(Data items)

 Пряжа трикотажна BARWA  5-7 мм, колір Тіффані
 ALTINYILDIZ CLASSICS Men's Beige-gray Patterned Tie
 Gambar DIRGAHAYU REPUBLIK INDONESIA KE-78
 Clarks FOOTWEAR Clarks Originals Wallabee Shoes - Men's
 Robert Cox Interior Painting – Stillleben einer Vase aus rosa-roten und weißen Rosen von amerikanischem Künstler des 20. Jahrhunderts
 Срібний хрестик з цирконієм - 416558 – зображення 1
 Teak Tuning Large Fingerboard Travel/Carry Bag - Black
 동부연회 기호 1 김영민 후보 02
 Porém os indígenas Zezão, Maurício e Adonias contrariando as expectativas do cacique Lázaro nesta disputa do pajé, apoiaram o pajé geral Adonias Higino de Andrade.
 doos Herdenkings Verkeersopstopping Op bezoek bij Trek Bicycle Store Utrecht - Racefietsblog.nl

> Your objective
Every line above should be written out again exactly as it stands.

> Final answer
 Пряжа трикотажна BARWA  5-7 мм, колір Тіффані
 ALTINYILDIZ CLASSICS Men's Beige-gray Patterned Tie
 Gambar DIRGAHAYU REPUBLIK INDONESIA KE-78
 Clarks FOOTWEAR Clarks Originals Wallabee Shoes - Men's
 Robert Cox Interior Painting – Stillleben einer Vase aus rosa-roten und weißen Rosen von amerikanischem Künstler des 20. Jahrhunderts
 Срібний хрестик з цирконієм - 416558 – зображення 1
 Teak Tuning Large Fingerboard Travel/Carry Bag - Black
 동부연회 기호 1 김영민 후보 02
 Porém os indígenas Zezão, Maurício e Adonias contrariando as expectativas do cacique Lázaro nesta disputa do pajé, apoiaram o pajé geral Adonias Higino de Andrade.
 doos Herdenkings Verkeersopstopping Op bezoek bij Trek Bicycle Store Utrecht - Racefietsblog.nl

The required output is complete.